Baty was the first third baseman the Mets drafted in the first round since they took Wright with the 38th overall pick back in 2001. If he can even approach what Wright -- a seven-time All-Star and two-time Gold Glover and Silver Slugger at the position -- accomplished in Flushing, Mets fans will love Baty.
This browser does not support the video element.
But he could have been like Baker Mayfield
The area of Texas where Baty went to high school is a football factory -- and specifically, a quarterback factory. Baty was almost one of them.
He went to the same high school, Lake Travis, as Browns quarterback Baker Mayfield. His high school's rival was Westlake, where Drew Brees and Nick Foles both went.
And Baty? If you ask his baseball coach, he could have been Lake Travis' No. 1 quarterback his senior year had he not decided to focus on baseball instead.
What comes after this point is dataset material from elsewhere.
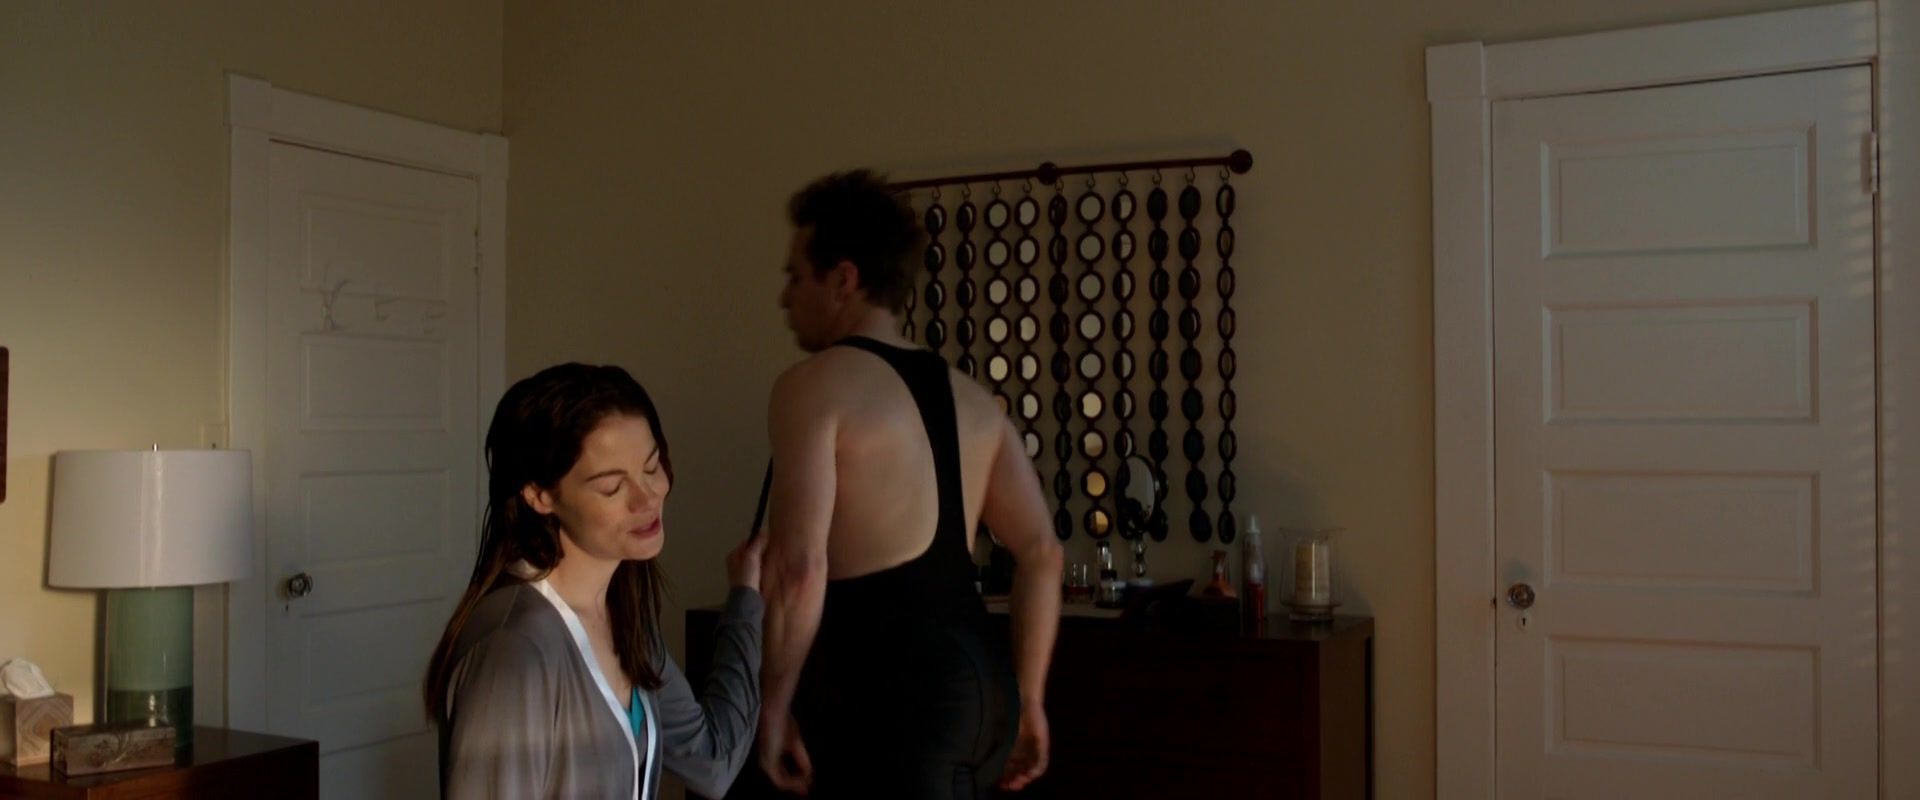 Pov Blowjob Sexy Olivia Wilde, Michelle Monaghan nude - Better Living Through Chemistry (2014) Tiny Tits

His first time at Citi Field, he put on a show
When the Mets introduced a 19-year-old Baty at Citi Field in June 2019, he put on a prodigious power display in batting practice.
Baty hit home runs to the Mets home run apple in center field, to the Shea Bridge in right-center and to the very upper reaches of the upper deck in right field. With any luck, a sign of things to come.
He models parts of his swing after two lefty mashers
If you ask Baty where he got his sweet lefty swing, he'll tell you that he tries to do his own thing at the plate … but that his swing contains elements from a pair of well-known sluggers.
"There's definitely some pieces of my swing that resemble some other hitters -- like Freddie Freeman or Adam Dunn."
You could do a lot worse than emulating Freeman, the 2020 National League MVP and a career .298 hitter and .508 slugger; or Dunn, a fellow Texan and University of Texas commit like Baty was, who mashed 462 career home runs and had six 40-homer seasons.
He saved all his old home run balls
From T-ball through high school ball at Lake Travis, Baty saved every home run ball he ever hit. That tradition started from his very first at-bat in youth baseball.
“They say nobody ever hits a home run in T-ball because the ball’s just sitting there and you have to supply all the power," Baty told the Austin American-Statesman in 2019. "Well, my first at-bat, I took one over the fence."
His mom, Leslie, went and got it … that one, and the rest of them, as Baty kept hitting homers. The Baty family keeps the balls, over 100 of them with dates and details of the home runs, in glass cases at home.
He was meant to be a Met
Baty's nickname as a kid? It was "Brett the Met."
Yes, really. It's because he played for a T-ball team named the Mets. Baty revealed the fun fact to Mets fans after the Mets drafted him.